O ano mal começou, mas as drag queens brasileiras já estão com tudo na música pop

07. fevereiro 2018 POP 0
O ano mal começou, mas as drag queens brasileiras já estão com tudo na música pop

Sem sombra de dúvida, ao lado de Anitta, o maior nome da música pop nacional em 2017 foi Pabllo Vittar. A drag queen brasileira comandou o cenário musical brasileiro do começo ao fim do ano, lançando hits que fizeram até homofóbicos dançarem. Em algum momento, você ouviu “Todo Dia”, “K.O.”, “Sua Cara” ou “Corpo Sensual” e cantou junto da artista os versos chicletes de suas músicas.

O sucesso de Pabllo Vittar foi tanto, que todo mundo queria fazer uma parceria com a cantora, rendendo muito trabalho para ela e algumas boas músicas para a gente. Contudo, vale dizer que a drag queen não foi a única a brilhar em 2017. Mesmo em dimensões menores, Gloria Groove, Aretuza Lovi e Lia Clark também conquistaram o público e levantaram juntas a bandeira da igualdade.

E se um ano foi pouco para elas, 2018 promete ser ainda mais bapho, já que em apenas dois meses, elas demonstraram que vão continuar no topo das paradas – para nossa sorte e azar dos conservadores.

A começar com Pabllo Vittar, que só neste começo de ano aparece nas faixas “Paraíso”, de Lucas Lucco, “Eu te Avisei”, de Alice Caymmi, e “Joga Bunda”, parceria com as drags Gloria Groove e Aretuza Lovi. Não fosse isso o bastante, Carnaval não seria Carnaval sem a artista, que liberou o clipe de “Então Vai”, música de seu primeiro álbum “Vai Passar Mal”.

Somados, os 4 clipes ultrapassam 40 milhões de visualizações no Youtube, enquanto as canções atingiram mais de 16 milhões de streamings no Spotify. E espere números ainda mais grandiosos, já que a pop star mandou avisar que vai para Los Angeles para concluir a gravação de seu segundo disco.

Gloria Groove, Aretuza Lovi e Lia Clark não ostentam números tão grandiosos, mas isso não significa que não mereçam atenção. Na última segunda-feira, a primeira lançou o clipe para “Bumbum de Ouro”, que já conta com mais de 860 mil visualizações no Youtube e mais de um milhão de execuções no Spotify.
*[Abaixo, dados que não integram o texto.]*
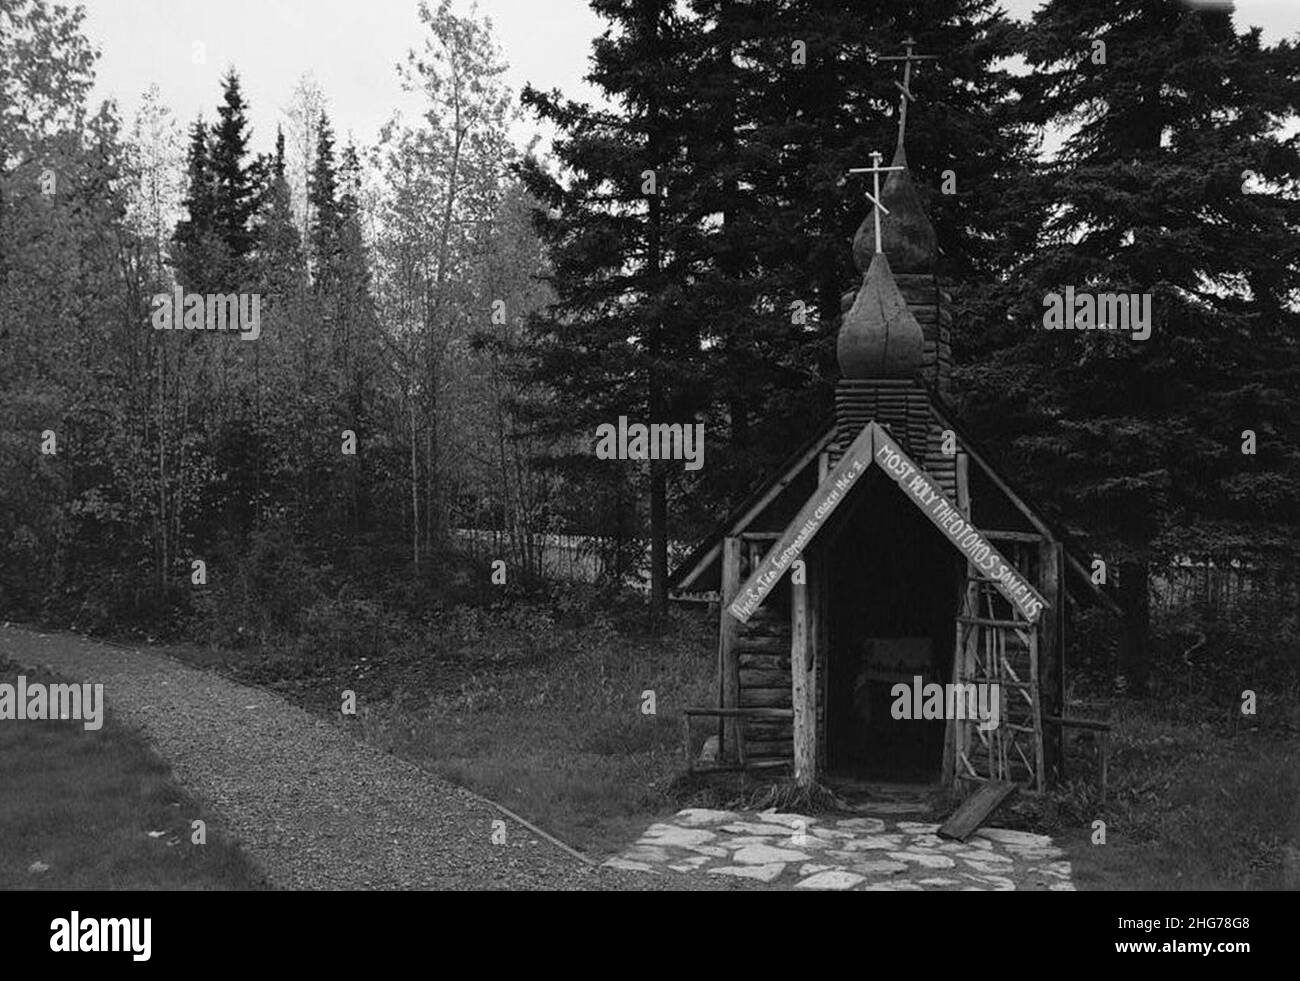 Shrine to Theotokos, Eklutna, Anchorage, AK. Stock Photo

“A música surgiu da minha necessidade de fazer algo que comunicasse com todos os públicos, pois eu queria finalmente me sentir parte de um todo e considero que o Carnaval seria a hora perfeita para isso”, disse Gloria à revista QUEM. “Então, é com muito prazer que eu solto essa canção, composição minha e de Pablo Bispo. O vídeo é uma criação minha, que tenho muito orgulho e que traz brilho. Tudo o que a gente ama. Fico muito feliz por poder me expressar cada vez mais”.
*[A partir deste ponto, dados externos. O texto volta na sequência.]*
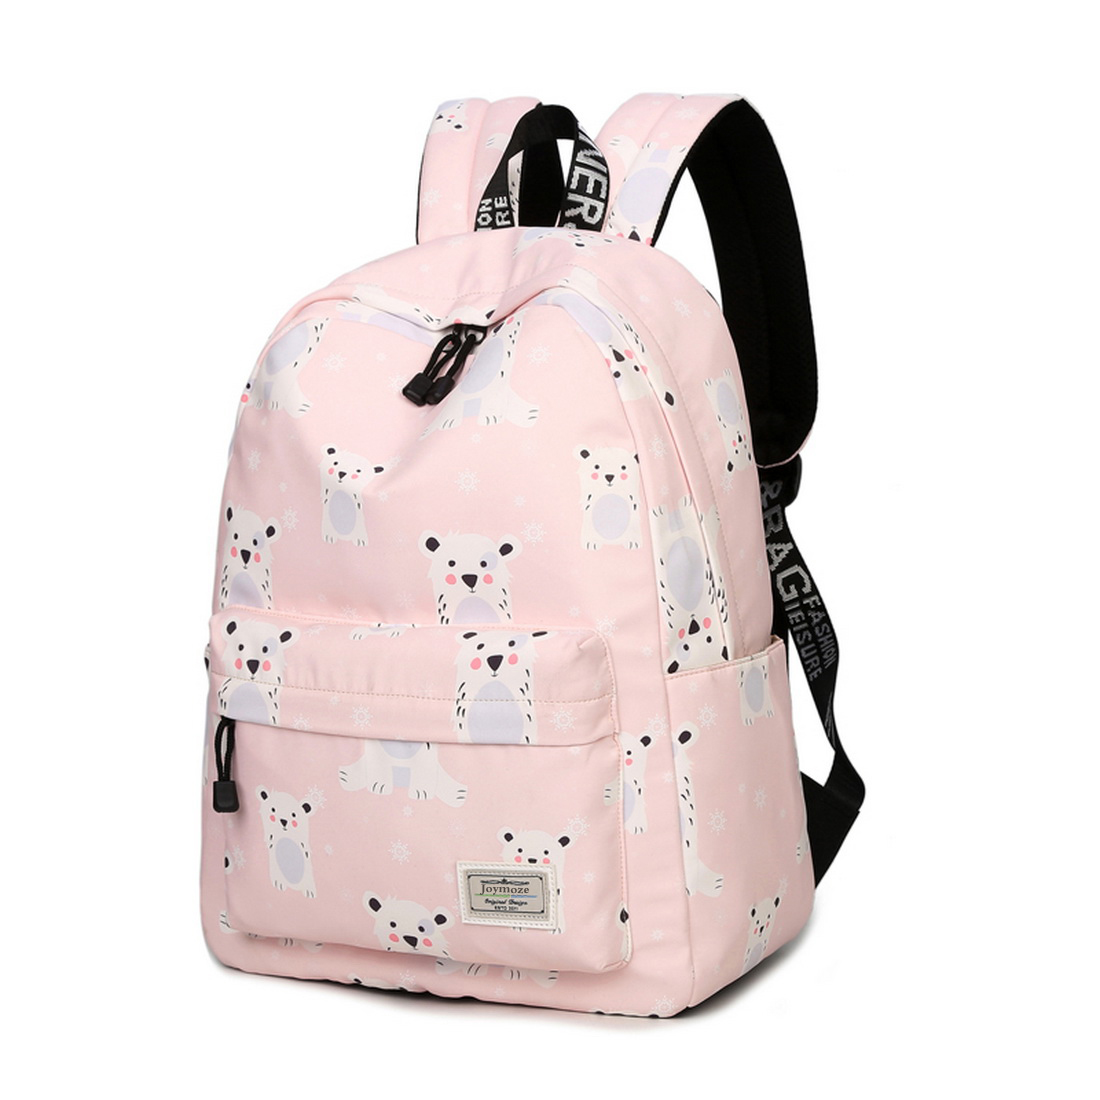 Joymoze Waterproof School Backpack for Girls Middle School Cute Bookbag Daypack for Women Pink 843

A cantora deve lançar um novo álbum ainda em 2018, o substituto de “O Proceder”, mas antes disso, ela se apresentará no Carnaval de Salvador. Pouco poder, né?

Já Aretuza Lovi reuniu na faixa “Joga Bunda” as duas drag queens já citadas para fazer um mega hit. Só no Youtube, o clipe tem quase 9 milhões de visualizações, enquanto tem mais de 2,3 milhões de streamings no Spotify. E se você acha que o nome da música é apenas sobre dançar, saiba que é mais que isso.
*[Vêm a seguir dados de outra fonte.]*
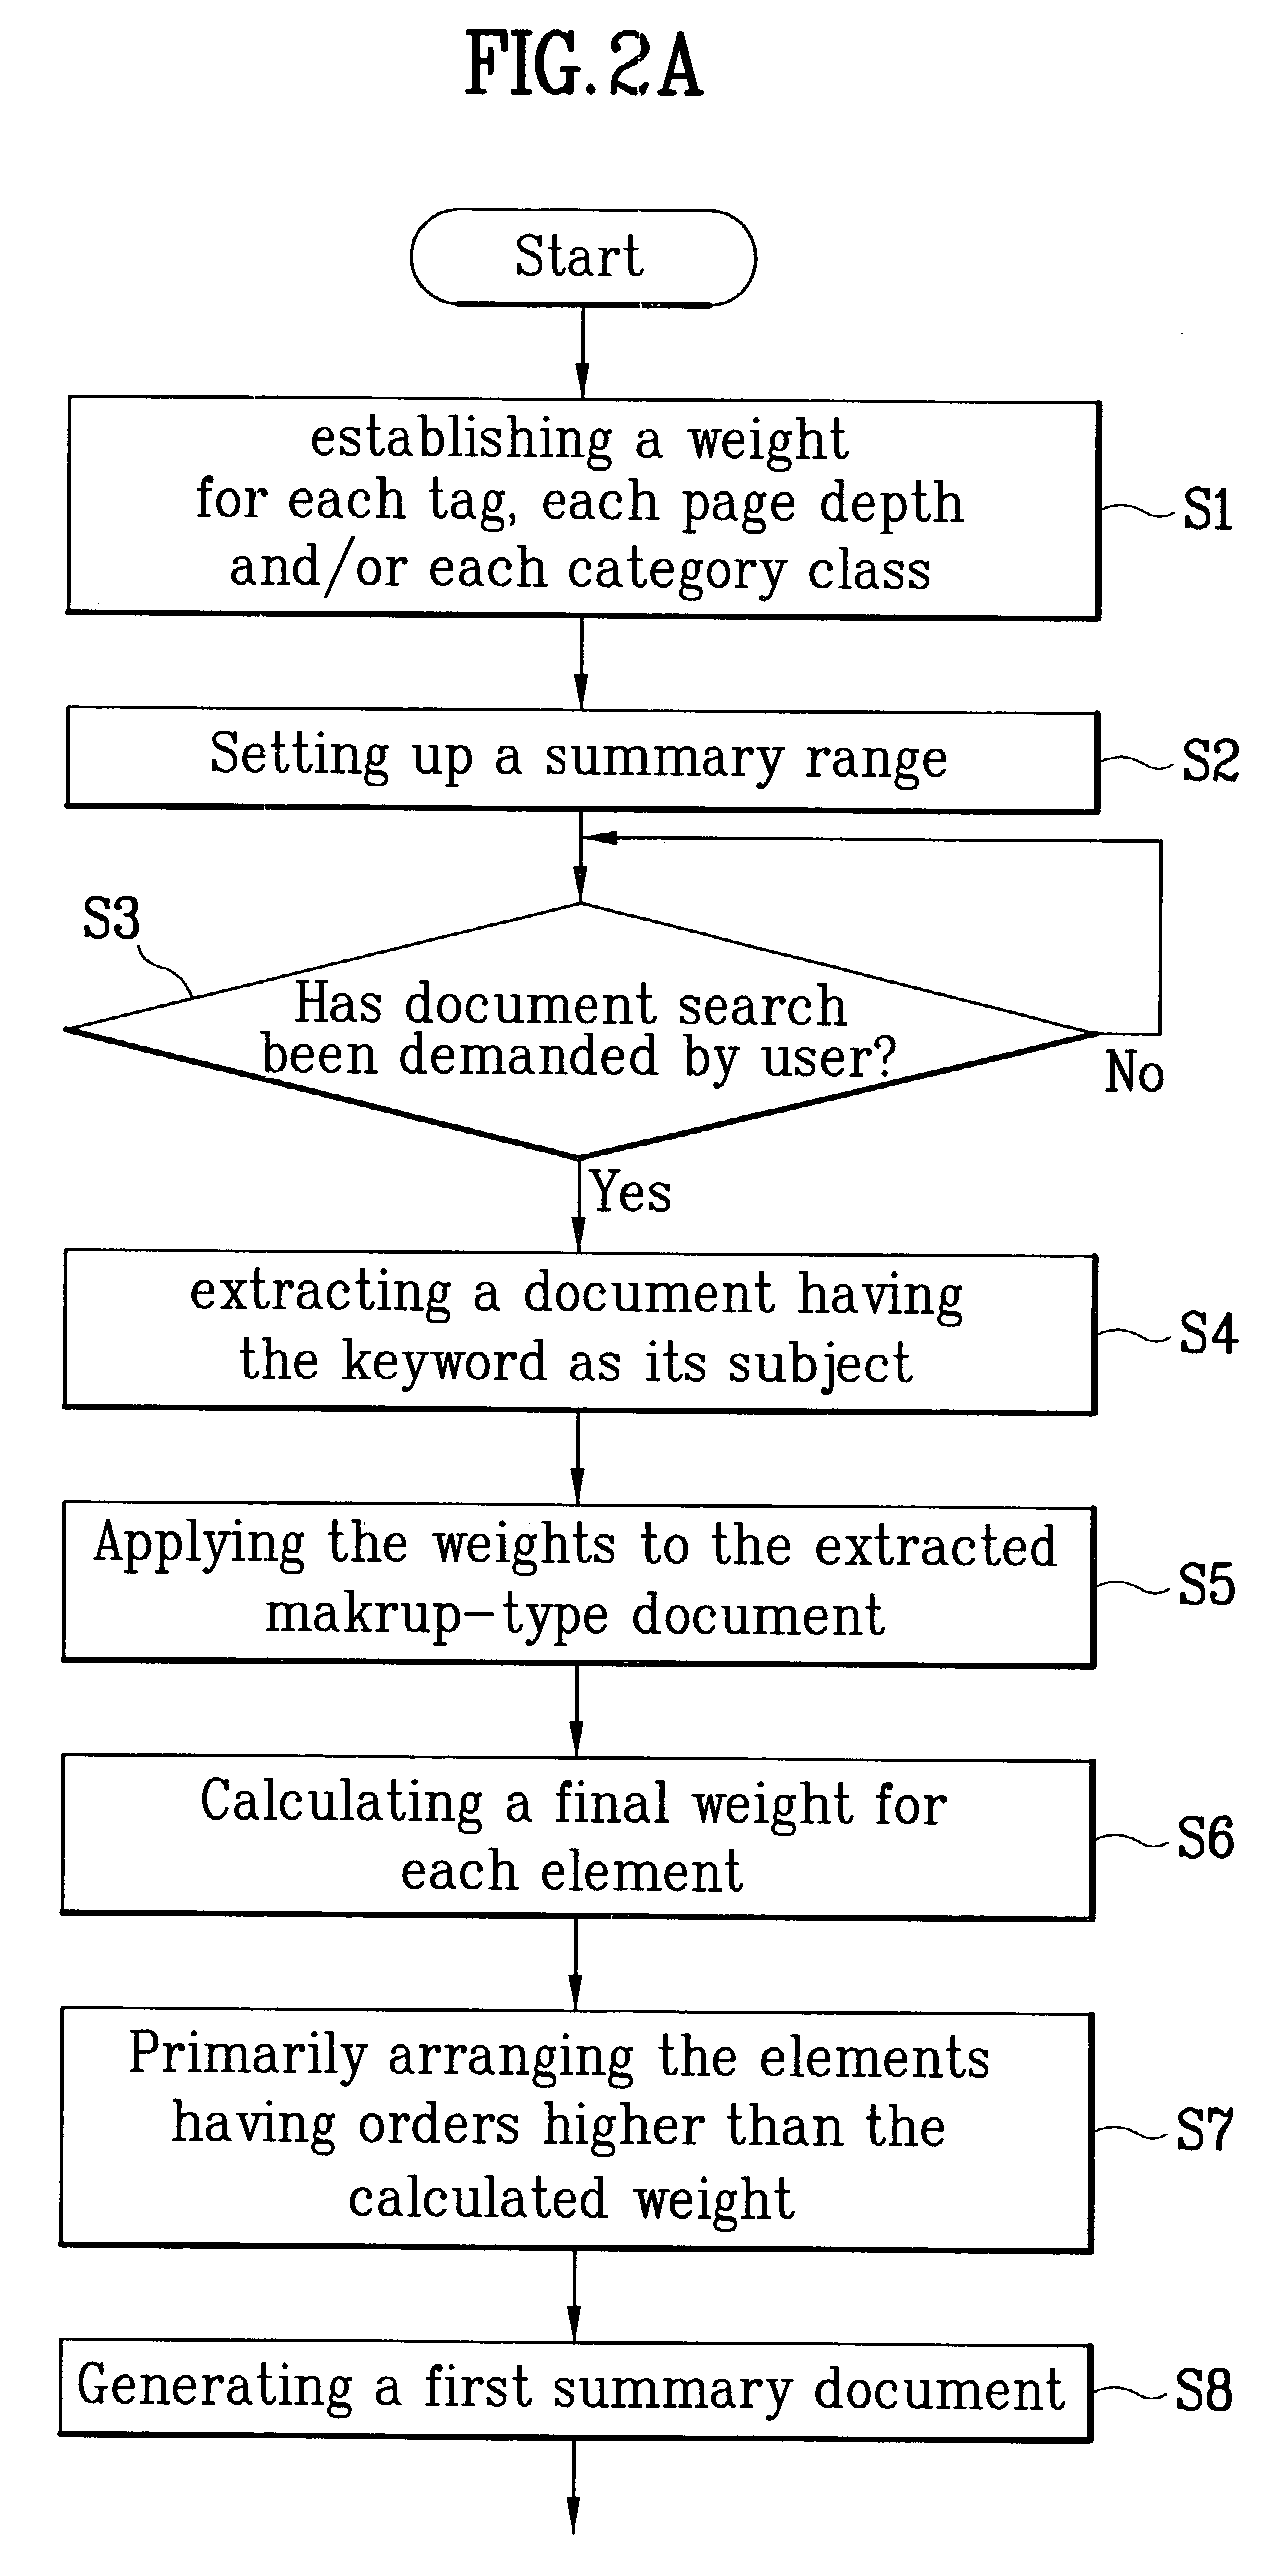 Method of summarizing markup-type documents automatically

“É uma atitude. A gente não levou no sentido literal do movimento de suas nádegas. Você pode jogar a bunda na cara do preconceito, da intolerância, do ódio gratuito, das pessoas que não te aceitam. Isso trata de empoderamento”, contou a cantora ao G1.

Se é empoderamento ou não, vai de cada um. Certo mesmo é que ela também vai lançar um disco neste ano, com parcerias de Solange Almeida e Iza.

E Lia Clark, que estourou em 2017 com “Chifrudo”, manteve um ano cheio de trabalho e, em 2018, apareceu com “Tipo de Garota”, cujo clipe já conta com mais de 1 milhão de visualizações, e a faixa tem mais de 327 mil plays no Spotify.

Tá na hora é de sair um álbum completo dela! 

Mas, por mais que números sejam bacanas, o legal mesmo é vê-las criando um conteúdo que tem sido consumido de norte ao sul do Brasil, representando uma minoria que ainda luta por visibilidade e direitos. Se há um meio de unir as pessoas, a música é, com certeza, uma das melhores formas. 

E nesse específico caso, essas quatro drag queens transmitem essa mensagem de aceitação e respeito para um país inteiro, enquanto colocam todo mundo pra dançar. Vamos torcer pra que isso dure o ano todo.